Как новички мы вынуждены были отсиживать на рабочем месте все положенные восемь с половиной часов, включая перерыв на обед. Это воспринималось мною как вопиющая дискриминация; вместо чувства исторического оптимизма сердце мое полнилось чернейшей завистью откровенно империалистического пошиба, что, конечно же, лишний раз доказывало правильность моего нахождения не в раю, а именно здесь, в чистилище. Говорю только о себе — ведь тогда я не имел еще ни малейшего представления о том, что ощущал в этой ситуации Гиршуни. Вы обратили внимание на это «еще»? Да-да, оно тут не случайно.

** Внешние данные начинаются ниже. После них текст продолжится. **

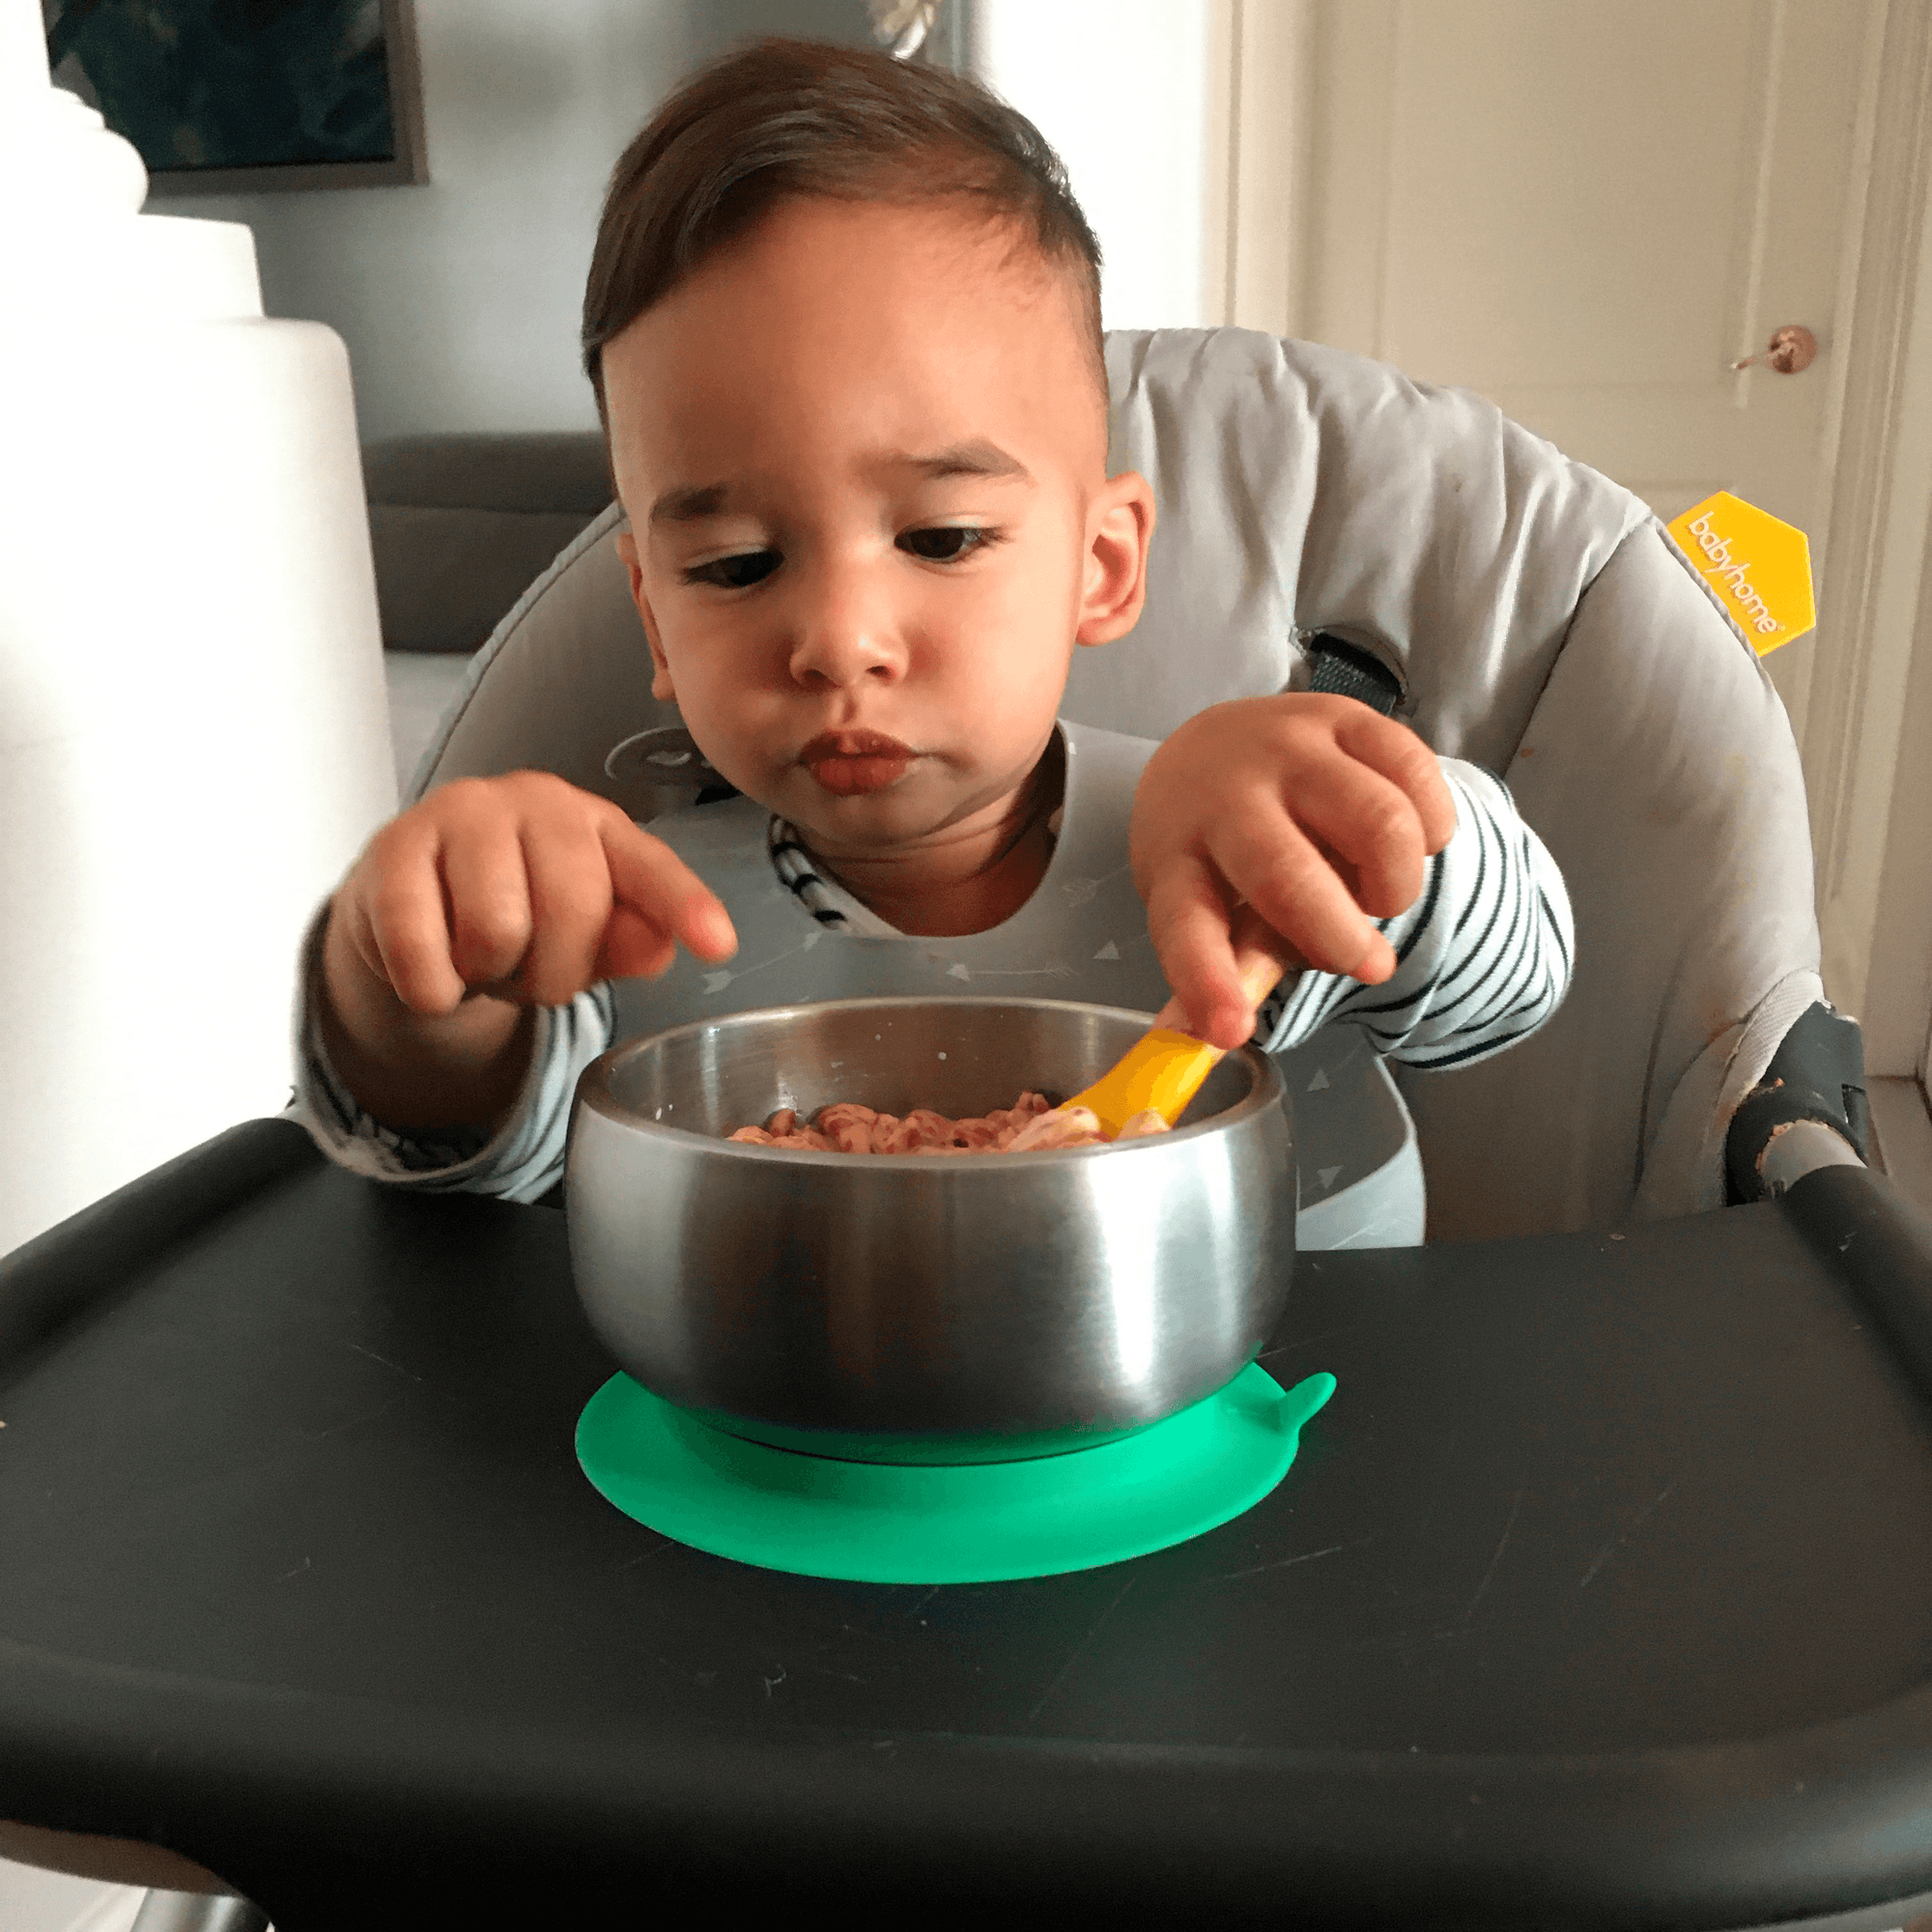 Creative Uses for Avanchy's Sustainable Snack Bowl with Lid. - Avanchy Sustainable Baby Dishware
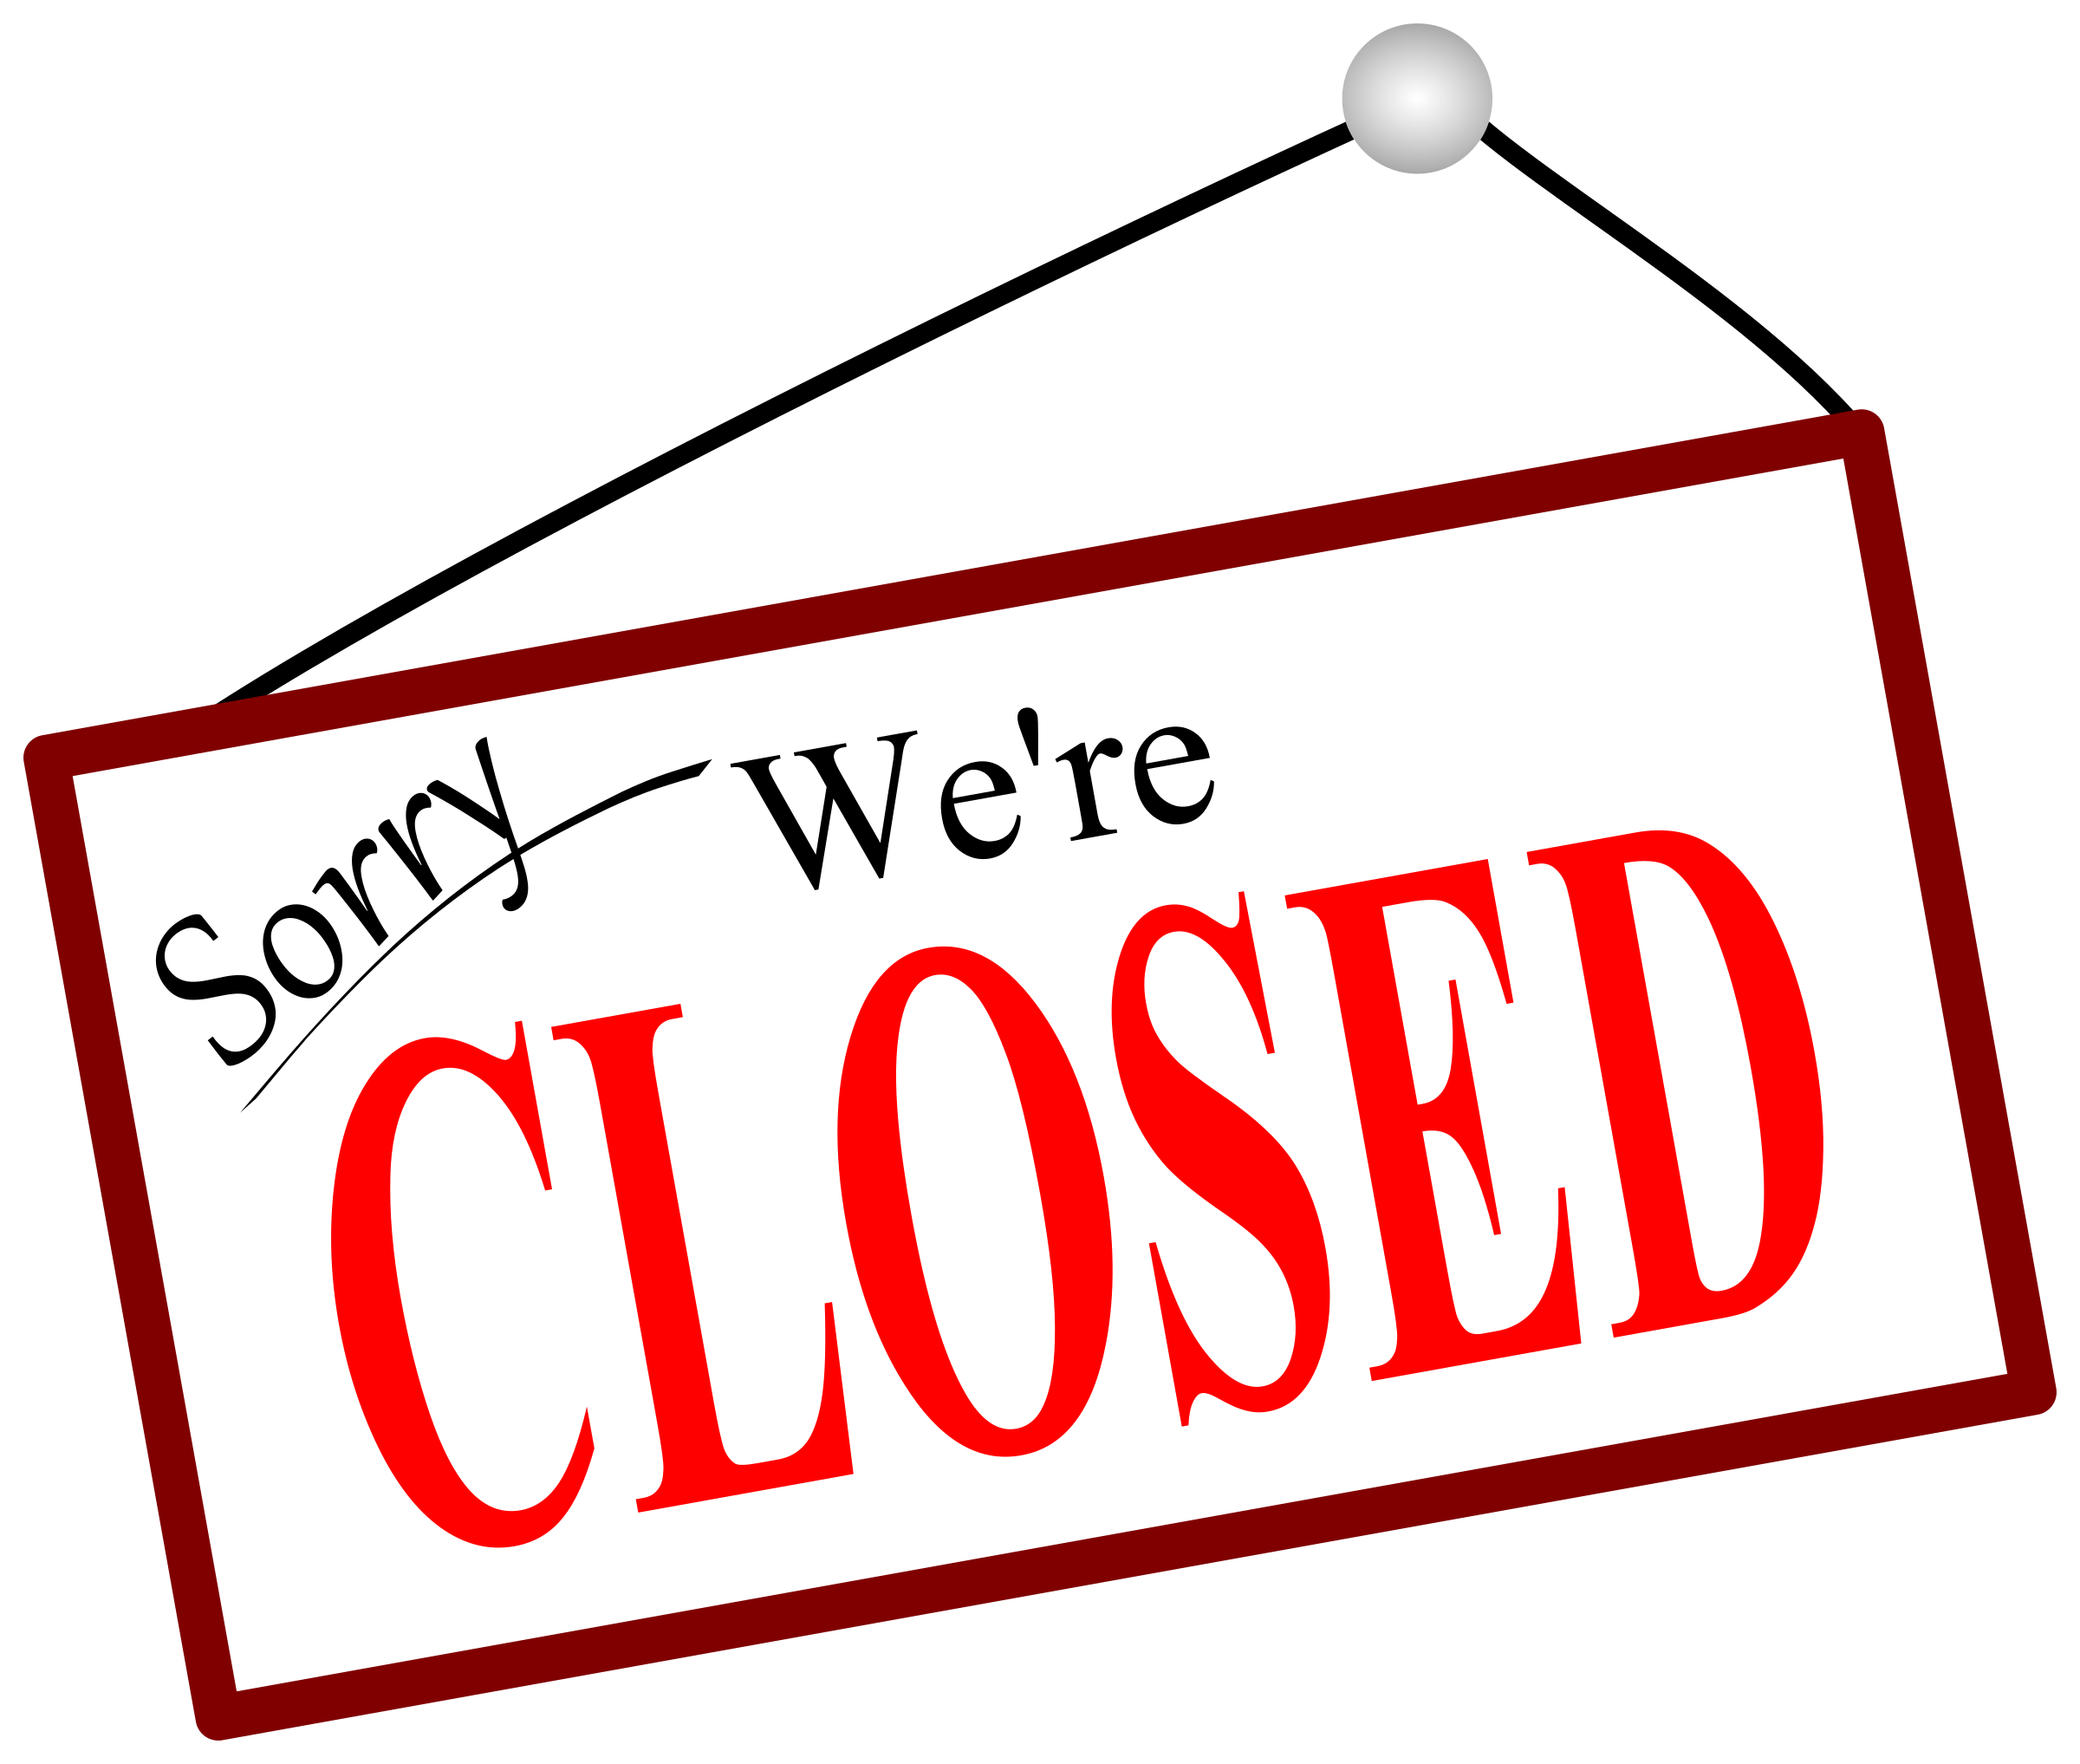 Sorry We Are Closed Transparent

Контора помещалась в огромном современном здании в центре Тель-Авива. Мы приходили к половине восьмого, причем опаздывать не рекомендовалось ввиду отсутствия вышеописанной кольчуги. Аппарат на входе с тюремным лязганьем отмечал время начала работы, мы поднимались на шестой этаж, в большую комнату, пустынную в столь ранний час, и усаживались за свои столы, расположенные на максимальном удалении от окон. В социалистическом раю близость стола к окну определялась длительностью профсоюзного стажа. Что, в общем, тоже было справедливо и даже рационально, поскольку каждый отдельно взятый стол пустовал тем чаще, чем большим стажем обладал его сиделец, который, таким образом, реже заслонял свет своим менее заслуженным товарищам. Тех, кто сидел у самого окна, мы видели так редко, что практически не помнили в лицо.
Наверное, в этом неуемном стремлении к свету больше всего проявлялся божественный характер «постоянных». На определенном уровне стажа они начинали борьбу за персональные окна — такие, которые не приходилось бы делить ни с кем, даже с другими небожителями. Персональное окно означало персональный кабинет, а тот, в свою очередь, подлежал расширению на два, три, четыре окна — и так до бесконечности, то есть до пенсии.
Кабинетов катастрофически не хватало, что вынуждало небожителей всеми правдами и неправдами выгораживать себе отдельный закуток в общей комнате, забирая таким образом вожделенное окно в свое личное пользование. Это встречало естественное противодействие менее продвинутых «постоянных», остававшихся без света вообще. Начинался типично ангельский конфликт: война за свет между херувимами и серафимами. Нужно ли говорить, что с низкой, приземленной точки зрения этот конфликт не имел никакого смысла: ведь ни те, ни другие на службе практически не появлялись. Но могут ли земные твари проникнуть в возвышенную логику небесных созданий? Время от времени в коридорах и комнатах рая разгорались нешуточные сражения; пригнув головы в шуме мощных ангельских крыльев, среди гордого клекота, в облаке белоснежных перьев, мы немо внимали содроганию тверди и горнему полету небожителей.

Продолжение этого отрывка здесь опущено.